**Problem description:** The full listing below should be repeated exactly.

**Source data:**
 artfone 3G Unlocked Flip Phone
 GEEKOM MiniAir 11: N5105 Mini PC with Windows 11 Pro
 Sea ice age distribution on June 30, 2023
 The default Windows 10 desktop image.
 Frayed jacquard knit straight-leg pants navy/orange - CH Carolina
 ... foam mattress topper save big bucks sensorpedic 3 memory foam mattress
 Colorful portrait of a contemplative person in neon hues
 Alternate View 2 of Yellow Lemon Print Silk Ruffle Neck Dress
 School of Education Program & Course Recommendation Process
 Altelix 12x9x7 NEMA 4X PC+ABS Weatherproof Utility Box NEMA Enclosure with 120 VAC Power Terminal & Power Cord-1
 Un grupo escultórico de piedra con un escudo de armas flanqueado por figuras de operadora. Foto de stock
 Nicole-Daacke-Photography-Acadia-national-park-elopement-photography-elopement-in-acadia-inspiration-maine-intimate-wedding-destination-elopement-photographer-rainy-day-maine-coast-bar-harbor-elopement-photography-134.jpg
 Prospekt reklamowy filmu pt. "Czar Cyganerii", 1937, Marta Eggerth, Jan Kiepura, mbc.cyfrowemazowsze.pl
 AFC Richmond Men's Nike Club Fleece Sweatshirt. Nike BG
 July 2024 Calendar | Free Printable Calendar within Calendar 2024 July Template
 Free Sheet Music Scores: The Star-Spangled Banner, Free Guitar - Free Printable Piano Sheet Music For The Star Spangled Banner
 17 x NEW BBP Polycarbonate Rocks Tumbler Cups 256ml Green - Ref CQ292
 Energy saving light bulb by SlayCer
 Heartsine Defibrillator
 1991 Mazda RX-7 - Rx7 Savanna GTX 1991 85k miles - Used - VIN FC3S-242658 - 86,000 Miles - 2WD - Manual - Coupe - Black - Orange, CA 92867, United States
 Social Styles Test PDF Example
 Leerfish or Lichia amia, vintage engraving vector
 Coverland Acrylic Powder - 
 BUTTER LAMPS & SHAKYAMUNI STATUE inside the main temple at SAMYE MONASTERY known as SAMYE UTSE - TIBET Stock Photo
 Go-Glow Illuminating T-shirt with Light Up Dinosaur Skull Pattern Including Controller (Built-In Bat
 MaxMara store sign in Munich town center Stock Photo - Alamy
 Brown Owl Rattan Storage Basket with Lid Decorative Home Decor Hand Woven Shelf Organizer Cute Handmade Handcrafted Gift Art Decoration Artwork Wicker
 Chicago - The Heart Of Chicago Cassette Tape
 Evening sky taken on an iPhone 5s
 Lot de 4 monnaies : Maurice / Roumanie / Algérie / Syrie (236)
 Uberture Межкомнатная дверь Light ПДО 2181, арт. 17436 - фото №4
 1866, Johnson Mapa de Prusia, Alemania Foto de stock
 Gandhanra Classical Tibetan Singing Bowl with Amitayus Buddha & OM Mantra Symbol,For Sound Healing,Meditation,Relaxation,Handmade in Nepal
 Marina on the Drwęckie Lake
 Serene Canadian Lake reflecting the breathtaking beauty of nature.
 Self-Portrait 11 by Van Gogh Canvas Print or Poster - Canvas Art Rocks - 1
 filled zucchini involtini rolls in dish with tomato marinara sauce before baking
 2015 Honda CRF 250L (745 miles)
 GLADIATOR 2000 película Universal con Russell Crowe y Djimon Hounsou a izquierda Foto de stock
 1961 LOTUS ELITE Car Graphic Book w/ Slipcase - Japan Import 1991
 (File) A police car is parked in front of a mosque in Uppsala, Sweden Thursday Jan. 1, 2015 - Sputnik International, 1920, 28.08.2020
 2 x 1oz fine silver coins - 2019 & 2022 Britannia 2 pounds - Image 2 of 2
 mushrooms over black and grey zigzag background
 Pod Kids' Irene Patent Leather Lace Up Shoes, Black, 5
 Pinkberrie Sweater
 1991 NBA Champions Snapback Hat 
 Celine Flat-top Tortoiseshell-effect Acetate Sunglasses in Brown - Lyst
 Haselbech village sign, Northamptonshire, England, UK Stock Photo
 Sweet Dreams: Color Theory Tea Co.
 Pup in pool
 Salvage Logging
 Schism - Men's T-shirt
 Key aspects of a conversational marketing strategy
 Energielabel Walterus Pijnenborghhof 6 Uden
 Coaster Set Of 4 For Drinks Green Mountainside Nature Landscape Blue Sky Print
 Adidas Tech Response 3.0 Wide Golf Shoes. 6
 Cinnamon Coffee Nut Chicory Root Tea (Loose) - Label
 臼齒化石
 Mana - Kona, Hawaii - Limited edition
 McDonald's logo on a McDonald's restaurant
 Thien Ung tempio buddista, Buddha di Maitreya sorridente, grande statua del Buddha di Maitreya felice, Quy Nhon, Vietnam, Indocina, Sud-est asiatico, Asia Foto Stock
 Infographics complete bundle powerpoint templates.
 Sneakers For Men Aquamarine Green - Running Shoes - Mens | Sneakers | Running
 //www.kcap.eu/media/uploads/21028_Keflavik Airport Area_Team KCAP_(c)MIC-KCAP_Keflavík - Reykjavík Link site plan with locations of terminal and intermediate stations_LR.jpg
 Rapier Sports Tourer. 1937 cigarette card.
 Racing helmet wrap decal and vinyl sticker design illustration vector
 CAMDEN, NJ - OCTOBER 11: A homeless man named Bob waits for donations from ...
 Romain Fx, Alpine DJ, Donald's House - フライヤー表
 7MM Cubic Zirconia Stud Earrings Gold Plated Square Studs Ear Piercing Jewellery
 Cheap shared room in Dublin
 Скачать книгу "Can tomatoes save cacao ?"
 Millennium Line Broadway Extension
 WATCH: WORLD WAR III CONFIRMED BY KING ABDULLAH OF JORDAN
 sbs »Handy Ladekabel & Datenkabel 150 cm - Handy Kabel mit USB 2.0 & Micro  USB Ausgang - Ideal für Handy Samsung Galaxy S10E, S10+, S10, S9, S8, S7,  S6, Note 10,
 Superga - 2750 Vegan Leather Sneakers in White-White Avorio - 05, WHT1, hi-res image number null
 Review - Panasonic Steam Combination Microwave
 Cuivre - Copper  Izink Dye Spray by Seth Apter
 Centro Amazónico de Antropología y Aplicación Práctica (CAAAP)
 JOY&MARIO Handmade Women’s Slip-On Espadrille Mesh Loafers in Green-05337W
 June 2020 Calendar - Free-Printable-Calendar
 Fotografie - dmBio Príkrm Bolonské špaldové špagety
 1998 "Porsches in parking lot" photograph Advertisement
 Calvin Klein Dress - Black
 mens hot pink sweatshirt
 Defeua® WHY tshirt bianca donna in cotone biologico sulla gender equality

**Finished task:**
 artfone 3G Unlocked Flip Phone
 GEEKOM MiniAir 11: N5105 Mini PC with Windows 11 Pro
 Sea ice age distribution on June 30, 2023
 The default Windows 10 desktop image.
 Frayed jacquard knit straight-leg pants navy/orange - CH Carolina
 ... foam mattress topper save big bucks sensorpedic 3 memory foam mattress
 Colorful portrait of a contemplative person in neon hues
 Alternate View 2 of Yellow Lemon Print Silk Ruffle Neck Dress
 School of Education Program & Course Recommendation Process
 Altelix 12x9x7 NEMA 4X PC+ABS Weatherproof Utility Box NEMA Enclosure with 120 VAC Power Terminal & Power Cord-1
 Un grupo escultórico de piedra con un escudo de armas flanqueado por figuras de operadora. Foto de stock
 Nicole-Daacke-Photography-Acadia-national-park-elopement-photography-elopement-in-acadia-inspiration-maine-intimate-wedding-destination-elopement-photographer-rainy-day-maine-coast-bar-harbor-elopement-photography-134.jpg
 Prospekt reklamowy filmu pt. "Czar Cyganerii", 1937, Marta Eggerth, Jan Kiepura, mbc.cyfrowemazowsze.pl
 AFC Richmond Men's Nike Club Fleece Sweatshirt. Nike BG
 July 2024 Calendar | Free Printable Calendar within Calendar 2024 July Template
 Free Sheet Music Scores: The Star-Spangled Banner, Free Guitar - Free Printable Piano Sheet Music For The Star Spangled Banner
 17 x NEW BBP Polycarbonate Rocks Tumbler Cups 256ml Green - Ref CQ292
 Energy saving light bulb by SlayCer
 Heartsine Defibrillator
 1991 Mazda RX-7 - Rx7 Savanna GTX 1991 85k miles - Used - VIN FC3S-242658 - 86,000 Miles - 2WD - Manual - Coupe - Black - Orange, CA 92867, United States
 Social Styles Test PDF Example
 Leerfish or Lichia amia, vintage engraving vector
 Coverland Acrylic Powder - 
 BUTTER LAMPS & SHAKYAMUNI STATUE inside the main temple at SAMYE MONASTERY known as SAMYE UTSE - TIBET Stock Photo
 Go-Glow Illuminating T-shirt with Light Up Dinosaur Skull Pattern Including Controller (Built-In Bat
 MaxMara store sign in Munich town center Stock Photo - Alamy
 Brown Owl Rattan Storage Basket with Lid Decorative Home Decor Hand Woven Shelf Organizer Cute Handmade Handcrafted Gift Art Decoration Artwork Wicker
 Chicago - The Heart Of Chicago Cassette Tape
 Evening sky taken on an iPhone 5s
 Lot de 4 monnaies : Maurice / Roumanie / Algérie / Syrie (236)
 Uberture Межкомнатная дверь Light ПДО 2181, арт. 17436 - фото №4
 1866, Johnson Mapa de Prusia, Alemania Foto de stock
 Gandhanra Classical Tibetan Singing Bowl with Amitayus Buddha & OM Mantra Symbol,For Sound Healing,Meditation,Relaxation,Handmade in Nepal
 Marina on the Drwęckie Lake
 Serene Canadian Lake reflecting the breathtaking beauty of nature.
 Self-Portrait 11 by Van Gogh Canvas Print or Poster - Canvas Art Rocks - 1
 filled zucchini involtini rolls in dish with tomato marinara sauce before baking
 2015 Honda CRF 250L (745 miles)
 GLADIATOR 2000 película Universal con Russell Crowe y Djimon Hounsou a izquierda Foto de stock
 1961 LOTUS ELITE Car Graphic Book w/ Slipcase - Japan Import 1991
 (File) A police car is parked in front of a mosque in Uppsala, Sweden Thursday Jan. 1, 2015 - Sputnik International, 1920, 28.08.2020
 2 x 1oz fine silver coins - 2019 & 2022 Britannia 2 pounds - Image 2 of 2
 mushrooms over black and grey zigzag background
 Pod Kids' Irene Patent Leather Lace Up Shoes, Black, 5
 Pinkberrie Sweater
 1991 NBA Champions Snapback Hat 
 Celine Flat-top Tortoiseshell-effect Acetate Sunglasses in Brown - Lyst
 Haselbech village sign, Northamptonshire, England, UK Stock Photo
 Sweet Dreams: Color Theory Tea Co.
 Pup in pool
 Salvage Logging
 Schism - Men's T-shirt
 Key aspects of a conversational marketing strategy
 Energielabel Walterus Pijnenborghhof 6 Uden
 Coaster Set Of 4 For Drinks Green Mountainside Nature Landscape Blue Sky Print
 Adidas Tech Response 3.0 Wide Golf Shoes. 6
 Cinnamon Coffee Nut Chicory Root Tea (Loose) - Label
 臼齒化石
 Mana - Kona, Hawaii - Limited edition
 McDonald's logo on a McDonald's restaurant
 Thien Ung tempio buddista, Buddha di Maitreya sorridente, grande statua del Buddha di Maitreya felice, Quy Nhon, Vietnam, Indocina, Sud-est asiatico, Asia Foto Stock
 Infographics complete bundle powerpoint templates.
 Sneakers For Men Aquamarine Green - Running Shoes - Mens | Sneakers | Running
 //www.kcap.eu/media/uploads/21028_Keflavik Airport Area_Team KCAP_(c)MIC-KCAP_Keflavík - Reykjavík Link site plan with locations of terminal and intermediate stations_LR.jpg
 Rapier Sports Tourer. 1937 cigarette card.
 Racing helmet wrap decal and vinyl sticker design illustration vector
 CAMDEN, NJ - OCTOBER 11: A homeless man named Bob waits for donations from ...
 Romain Fx, Alpine DJ, Donald's House - フライヤー表
 7MM Cubic Zirconia Stud Earrings Gold Plated Square Studs Ear Piercing Jewellery
 Cheap shared room in Dublin
 Скачать книгу "Can tomatoes save cacao ?"
 Millennium Line Broadway Extension
 WATCH: WORLD WAR III CONFIRMED BY KING ABDULLAH OF JORDAN
 sbs »Handy Ladekabel & Datenkabel 150 cm - Handy Kabel mit USB 2.0 & Micro  USB Ausgang - Ideal für Handy Samsung Galaxy S10E, S10+, S10, S9, S8, S7,  S6, Note 10,
 Superga - 2750 Vegan Leather Sneakers in White-White Avorio - 05, WHT1, hi-res image number null
 Review - Panasonic Steam Combination Microwave
 Cuivre - Copper  Izink Dye Spray by Seth Apter
 Centro Amazónico de Antropología y Aplicación Práctica (CAAAP)
 JOY&MARIO Handmade Women’s Slip-On Espadrille Mesh Loafers in Green-05337W
 June 2020 Calendar - Free-Printable-Calendar
 Fotografie - dmBio Príkrm Bolonské špaldové špagety
 1998 "Porsches in parking lot" photograph Advertisement
 Calvin Klein Dress - Black
 mens hot pink sweatshirt
 Defeua® WHY tshirt bianca donna in cotone biologico sulla gender equality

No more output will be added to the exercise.